Long and rambly post ahead, sorry.
This post by Hello_My_Lover got me thinking about this sometimes contentious topic, again, along with lots of Internet browsing about wanting children and grandchildren and all the meanings we attach to them (always a dangerous thing). I never wanted children when younger, and now in my late thirties my wistfulness about having them is mostly a function of the door closing on biological reproduction. When I see pregnant women, I don't feel yearnings or the desire for a baby I'm supposed to - I think about how cute babies are, or how excited she might be, or how being pregnant must be an interesting feeling. I know this desire isn't about a baby, but about having love or a family at some point, in whatever form that might appear in my life.
And that got me thinking about child-related visions and fantasies of the future. Like, for me, in a perfect world, I might have a partner who's committed to really splitting the child care and housework, and then I wouldn't be angry about having a child - probably not more than one, though. Alternatively, my idea of a "big happy family" is a couple of his kids plus a biological one of ours, or just his kids by themselves, which is equally fine. (It's not that weird once someone pointed out to me that I grew up in this kind of family, so I'm trying to recreate it.)
But to my mother or maybe other possible grandparents, this is probably disappointing - the only thing my mom asked was, "How about your own?" She has, in the past, ordered me to produce kids, preferably multiple, because she hated being an only child (she wanted 6 kids. Nope! Not my dream). She would also be extremely offended by my wanting to work - I once pointed out to her that it was great that fathers took care of their babies, too, and she threw a fit saying she'd "failed to teach me about the importance of [women] taking care of babies." She finds women having kids on their own "immoral," and I would worry about her mistreating a child IF I had had one by myself.
All of which is to say that my way of being a mother or stepmother would disappoint and hurt my own mother, which makes me wonder about how people think about wanting children, and some of the thoughts I've read about the fantasy part of having kids.
"I wanted a boy/girl/all boys/all girls/ the daughter/son I'll never have"
Ah, the gender thing with all of its individual variations. I wonder what kind of daughter or son you'd want? A girl to dress up? I can see women wanting their daughters around as adults...but what if they move for whatever reason? What if they don't like spas or shopping or kids? What if your son isn't the kind of boy you'd envisioned when you wanted "a boy"?
"I wanted biological kids/grandkids so I can see how my blue eyes or smile would look on another face."
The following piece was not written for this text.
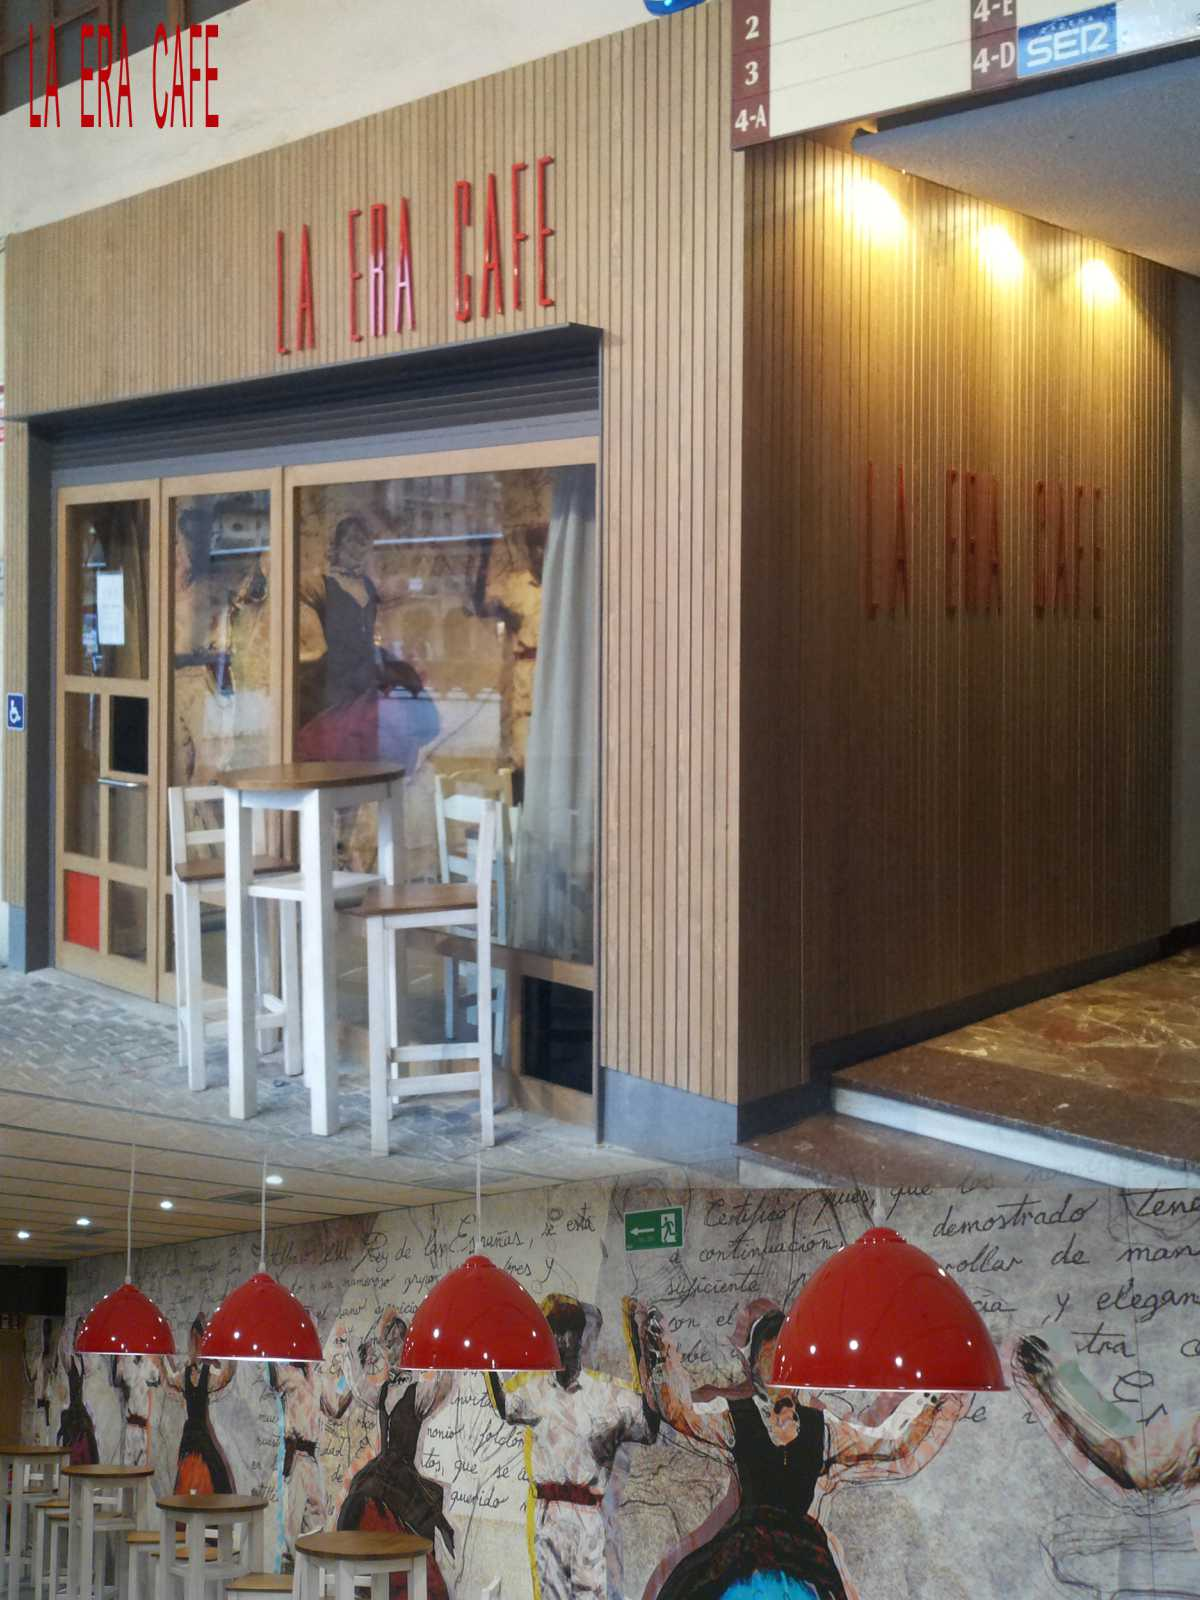 La sencillez de composición y de empleo de materiales, tratan de proyectar a través del único hueco existente en la fachada, la alegoría del panel interior. El toque de color rojo alude al mensaje festivo del BAILE DE LA ERA.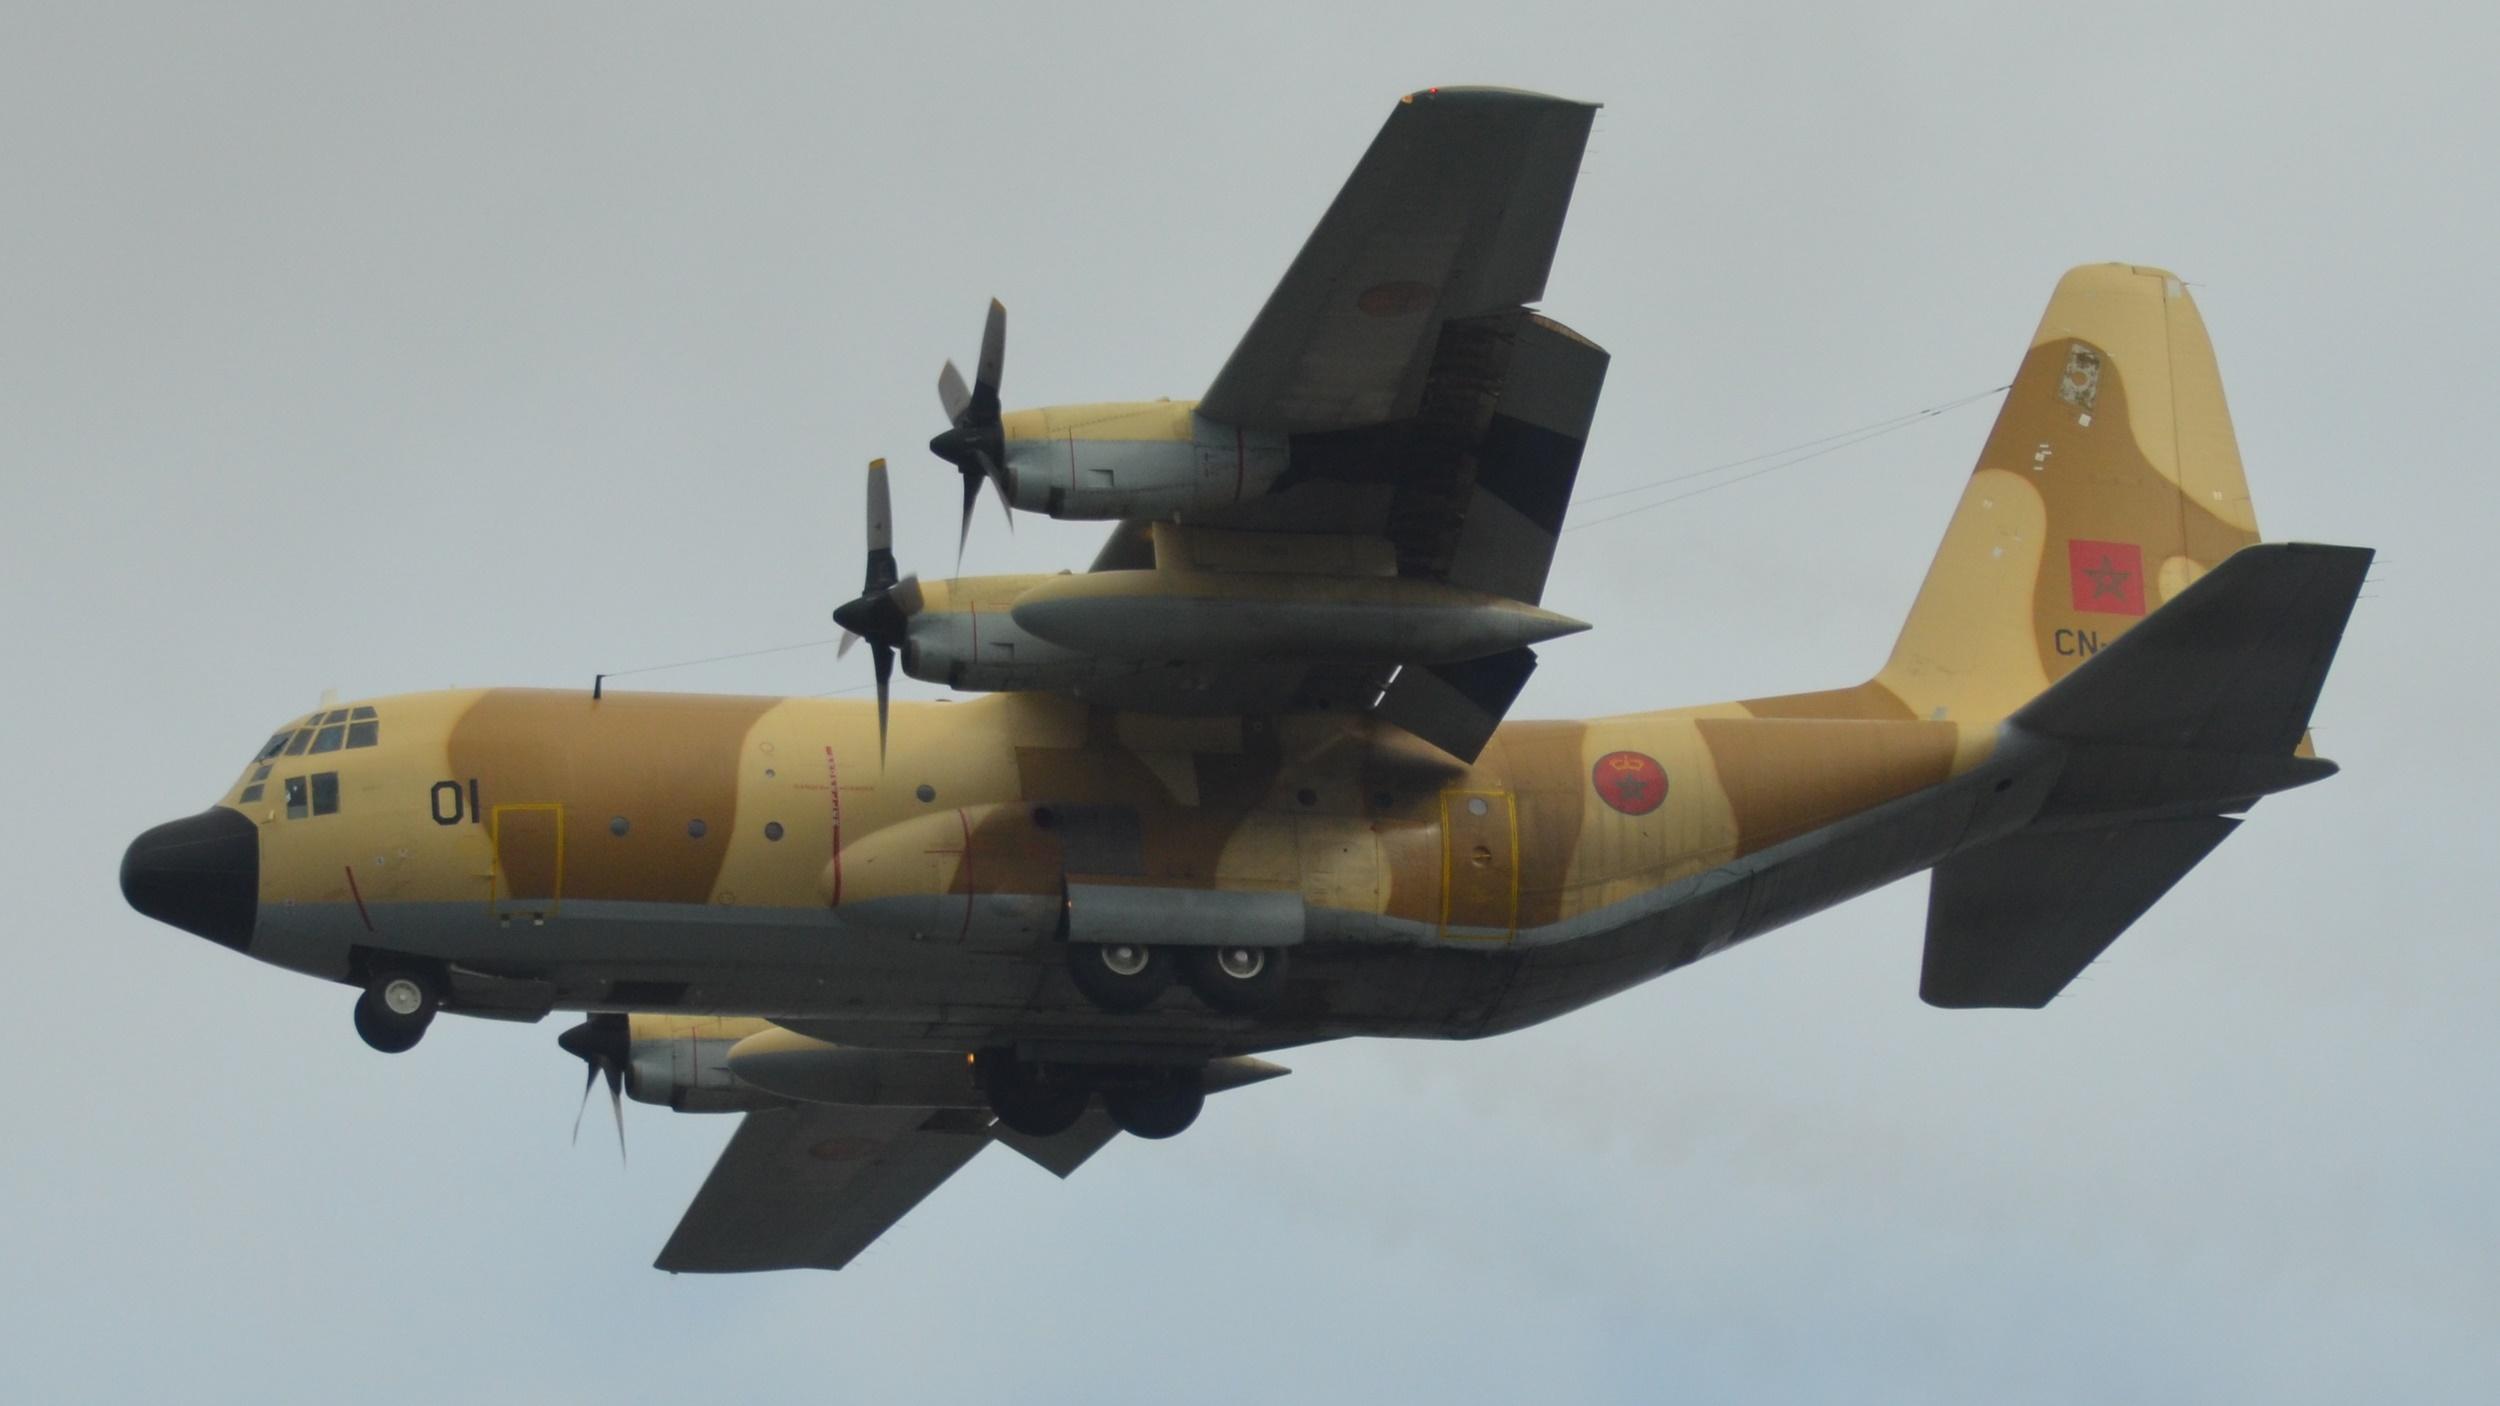 FRA: Photos d'avions de transport - Page 37 40514030433_27f130ce56_o

That would be fun, I'm not going to lie. There's all kinds of cool ways that could go. What if your child doesn't look like you at all though? My own mother bitched occasionally about how little I resembled her physically - after all, she did all the work of pregnancy and giving birth! Why couldn't I have resembled her a little instead of looking 95% like my dad? (My dad's dead now, so I think she's more ok with this these days.) Most of the grandparent grief I read about is similar - "I wanted to pass down my physical looks." "When I look at my stepgrandson I see his biological grandma's smile." "I want a genetic legacy." None of this is insignificant, at all - it's very normal. But I wonder if they're upset about not having children or grandchildren themselves, or the theoretical ones who resemble them. What if your kids look mostly like one parent, or some other family member? What if your grandchild looks not like you, but like another grandparent? What if you have biracial children or grandchildren?
"Children are important because of family stories and history. I want that to matter."
Me too. I love genealogy and family stories. And yeah, I want to matter too after I'm dead - that's pretty normal as well. Sometimes...your kids won't think those same things are important. My aunt saved all kinds of family memorabilia, and my cousin sold it all on Ebay because he didn't want it around anymore. He's not at all a bad guy for doing this - it's just that sometimes personality and values aren't transmitted via genes or nurture. Sometimes you're going to be different people. Of course, some values should change - there are definitely ways I don't want to be like my parents.
"I would be disappointed (but still love my son) if he were gay because he couldn't give me biological grandchildren. I've fantasized about his wedding and everything."
Yurgh. The above may or may not happen if your kids are straight.
Of course I have as many fantasies about my future as all these people do - number one, that my family will like me, relate to me and want me around. But it is interesting to see how much we all attach to having children or a particular kind of child, particularly in regards to nebulous things like values.